We are pleased to have been successful in another private life route case where our client came to the UK as a teenager after fleeing the Taliban in Afghanistan.

 

One of the private life route requirements is where the applicant is aged 18 or above but below 25 at the date of the application. The applicant must also have arrived before the age of 18 and must have spent at least half their life continuously resident in the UK.

 

The other requirement for people who do not qualify for the requirement mentioned above is that where the applicant is aged 18 or over at the date of application, the applicant must have been continuously in the UK for more than 20 years. Or, where the applicant has not been continuously resident in the UK for more than 20 years, the Home Office has to be satisfied that there would be significant obstacles to the applicant’s integration into the country where they would have to live if required to leave the UK.

 

The case

 

Our client and his brother came to the UK to flee the Taliban. He initially claimed asylum but was refused. After that, he appealed the case but it was dismissed. However, he had been living in the UK for almost 13 years.

 

Our client was advised by alternative solicitors to claim for asylum, however he did not wish to proceed with this as he did not remember much from his time in Afghanistan. We advised the client that he had strong grounds for a potential private life case as he came to the UK as a child. We felt that there would be significant obstacles if he were to return to Afghanistan so we applied for leave to remain for him on the basis of his private life.

 

Our client changed his name after he moved to the UK. He has also had two dates of birth through no fault of his own.

 

What did we do to ensure a successful application?

 

 

Our application was successful because we were able to show the following:

 

1. We proved that our client’s date of birth was changed by the Home Office due to a previous application not made by our client. It was not clear whether our client was 12 or 13 at the time of entry.
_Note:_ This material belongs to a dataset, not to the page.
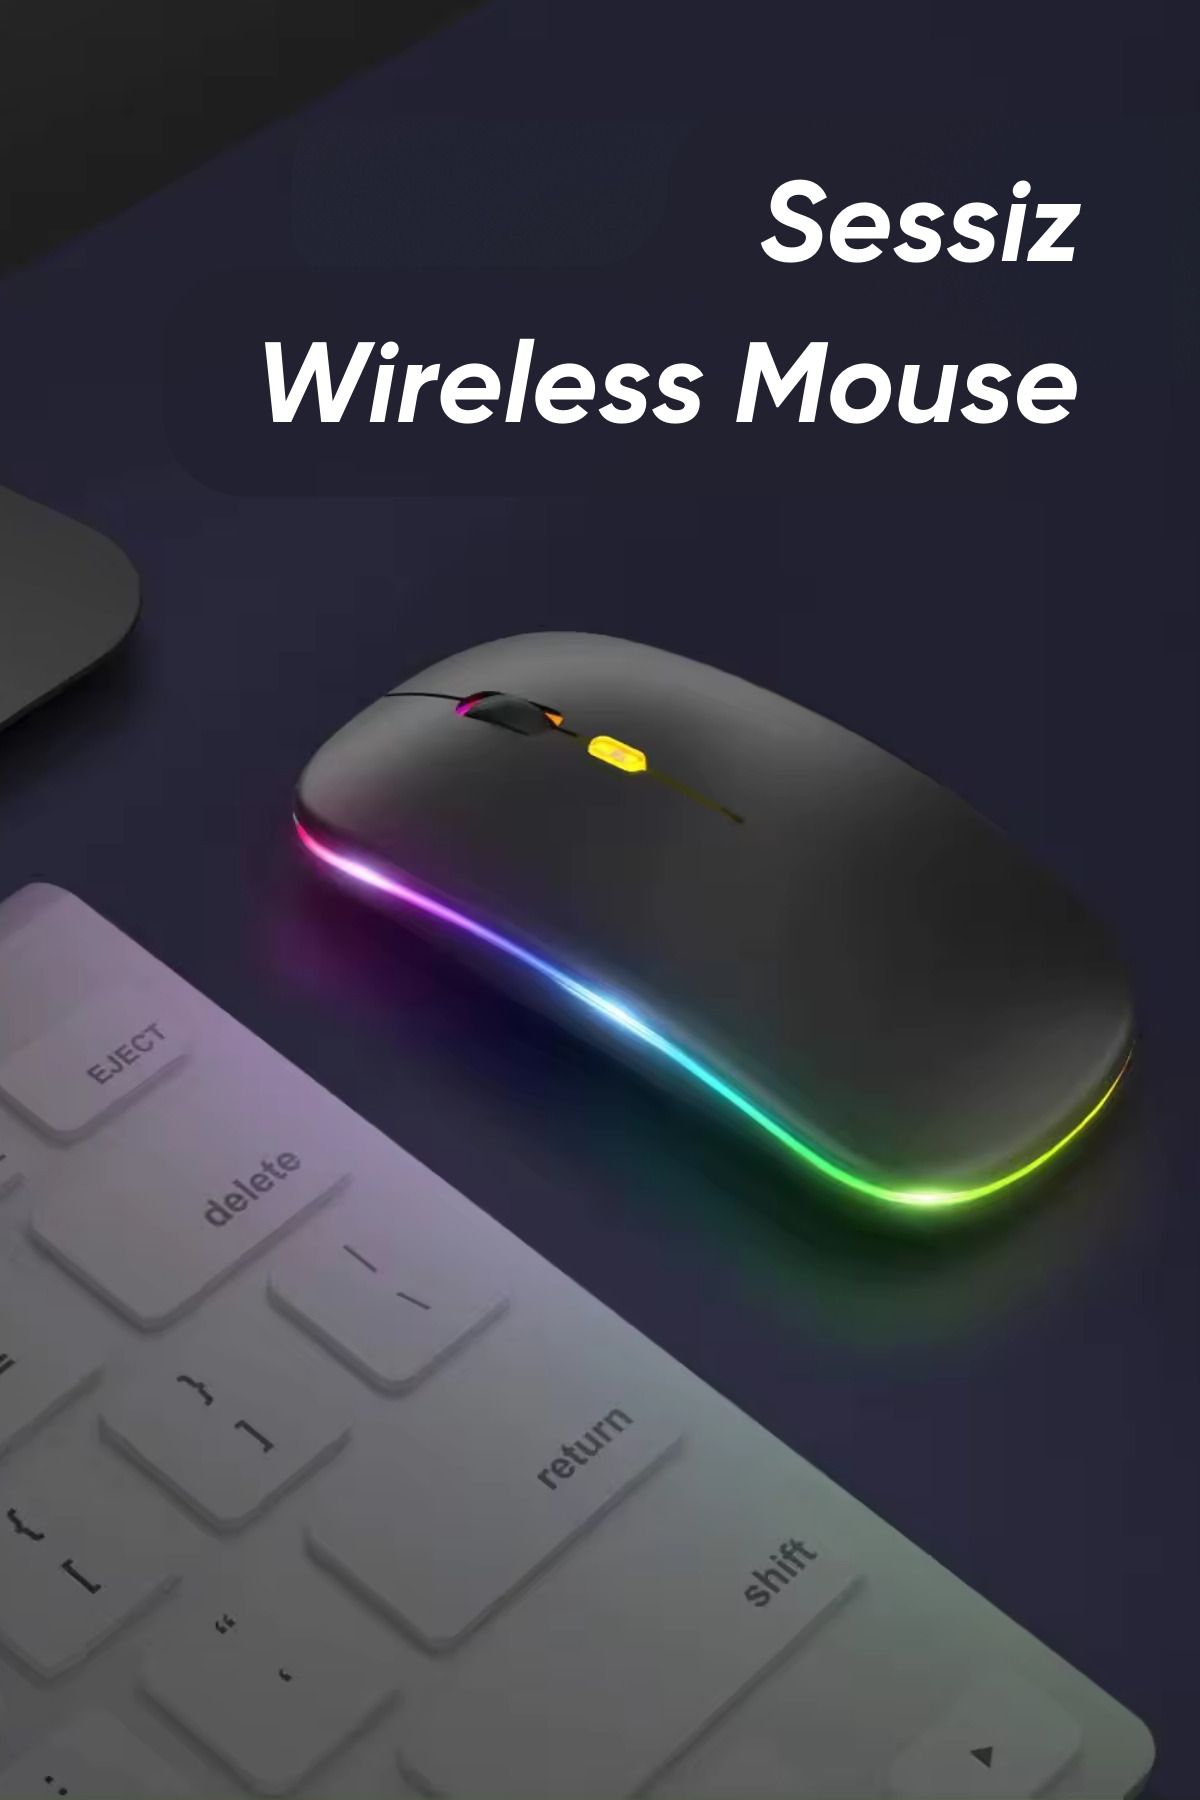 Ekru Cep Kablosuz Wireless Sessiz Mouse Şarj Edilebilir RGB Renkli ve Renksiz Kullanım Ergonomik Tasarımlı

If it was the former, then the client would qualify for leave. When his date of birth was recorded by the Home Office, our client accepted it as he did not understand English.

 

2. We showed evidence that our client received different awards and merits in school. He was committed to succeeding in school.

 

3. We stated that with all our client’s education being in the UK, it would be extremely difficult for him to reintegrate into Afghanistan. We provided articles about Afghan returnees facing difficulties.

 

4. We showed that our client has made significant contributions to British society by representing the UK in sport. We provided all the awards that he won.

 

5. We showed that our client has no ties to Afghanistan. The only family member that he had was his brother who came to the UK with him. It would be cruel to separate our client from his brother. Our client was also in a relationship with a British national and the relationship would not be able to continue in Afghanistan as inter-religion/nationality relationships were not permitted in Afghanistan.

 

We received a decision 3 weeks after submitting the application and are pleased that our client will now be able to live in the UK.